Supplied information Start Marker

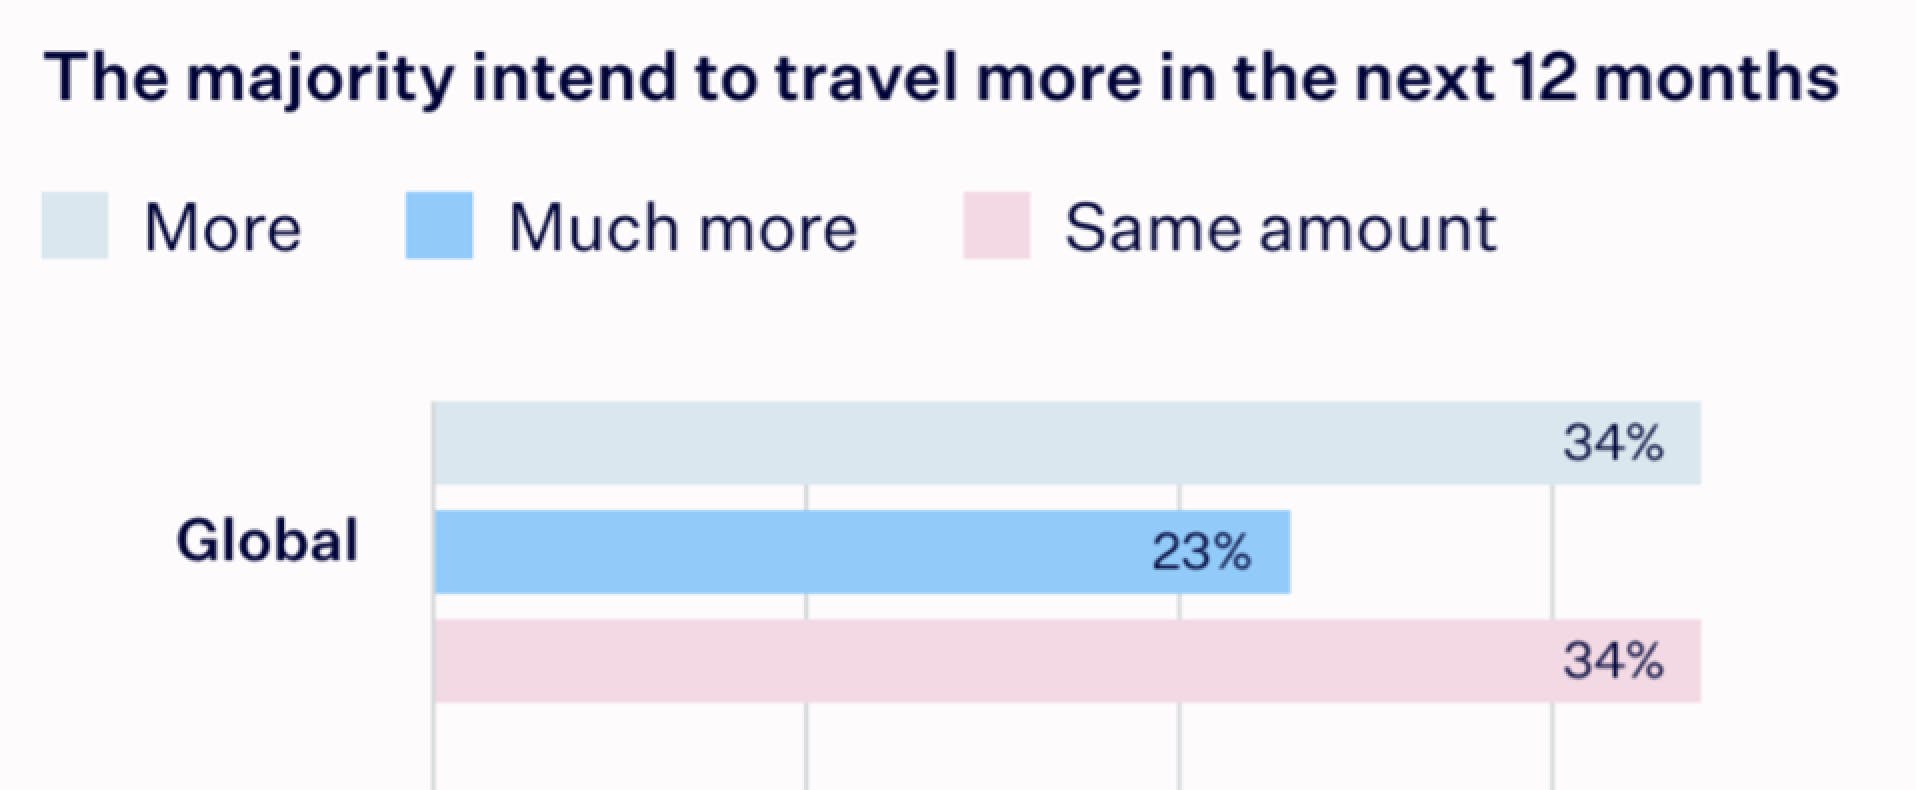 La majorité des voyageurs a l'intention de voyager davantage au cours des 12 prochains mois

Supplied information End Marker
Supplied information Start Marker

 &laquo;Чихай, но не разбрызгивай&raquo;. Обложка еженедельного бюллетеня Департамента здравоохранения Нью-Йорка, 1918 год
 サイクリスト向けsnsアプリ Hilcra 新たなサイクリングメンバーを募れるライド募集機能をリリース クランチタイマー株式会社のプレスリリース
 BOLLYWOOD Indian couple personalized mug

Supplied information End Marker
Supplied information Start Marker

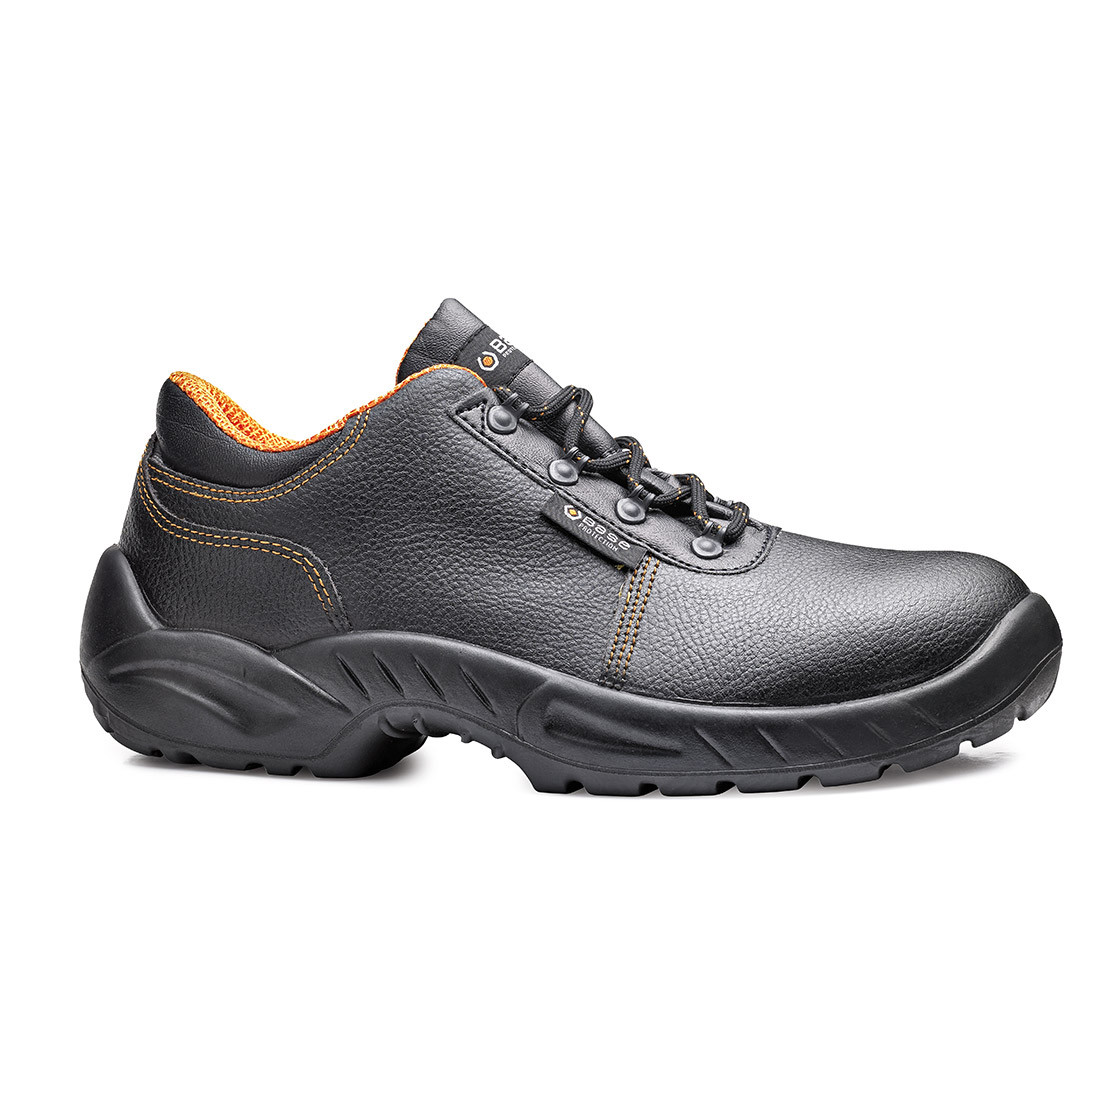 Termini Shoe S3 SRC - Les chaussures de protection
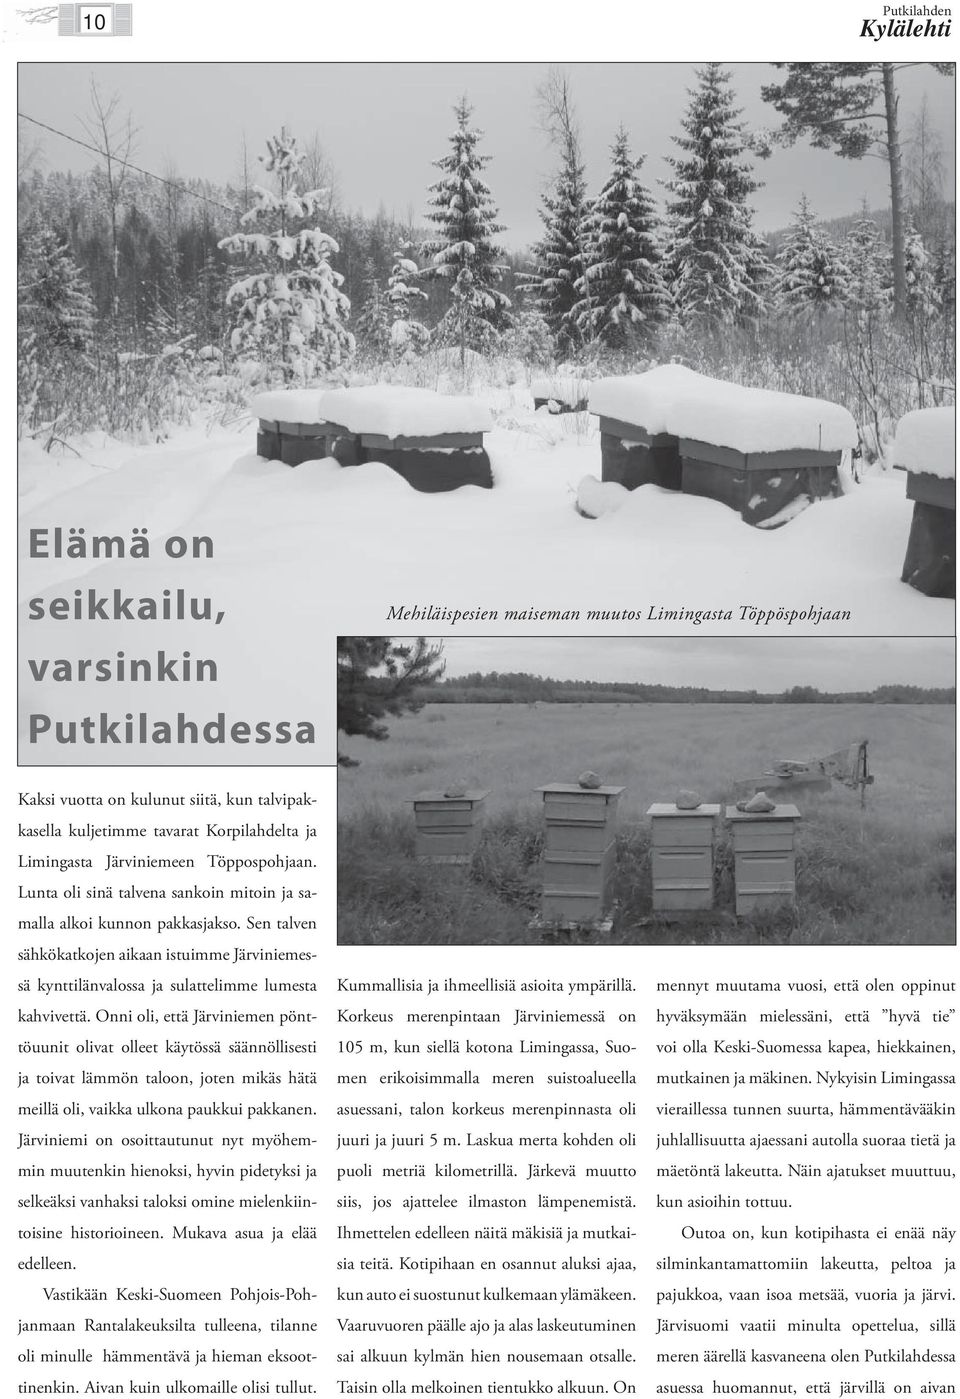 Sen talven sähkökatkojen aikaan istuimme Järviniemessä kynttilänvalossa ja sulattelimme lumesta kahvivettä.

Supplied information End Marker

> What is being asked: Among the entries above, locate the lines containing "Нью-Йорка, 1918 год" and "BOLLYWOOD Indian couple personalized mug", and transcribe exactly those two lines and all lines between.

> Result of the exercise:
 &laquo;Чихай, но не разбрызгивай&raquo;. Обложка еженедельного бюллетеня Департамента здравоохранения Нью-Йорка, 1918 год
 サイクリスト向けsnsアプリ Hilcra 新たなサイクリングメンバーを募れるライド募集機能をリリース クランチタイマー株式会社のプレスリリース
 BOLLYWOOD Indian couple personalized mug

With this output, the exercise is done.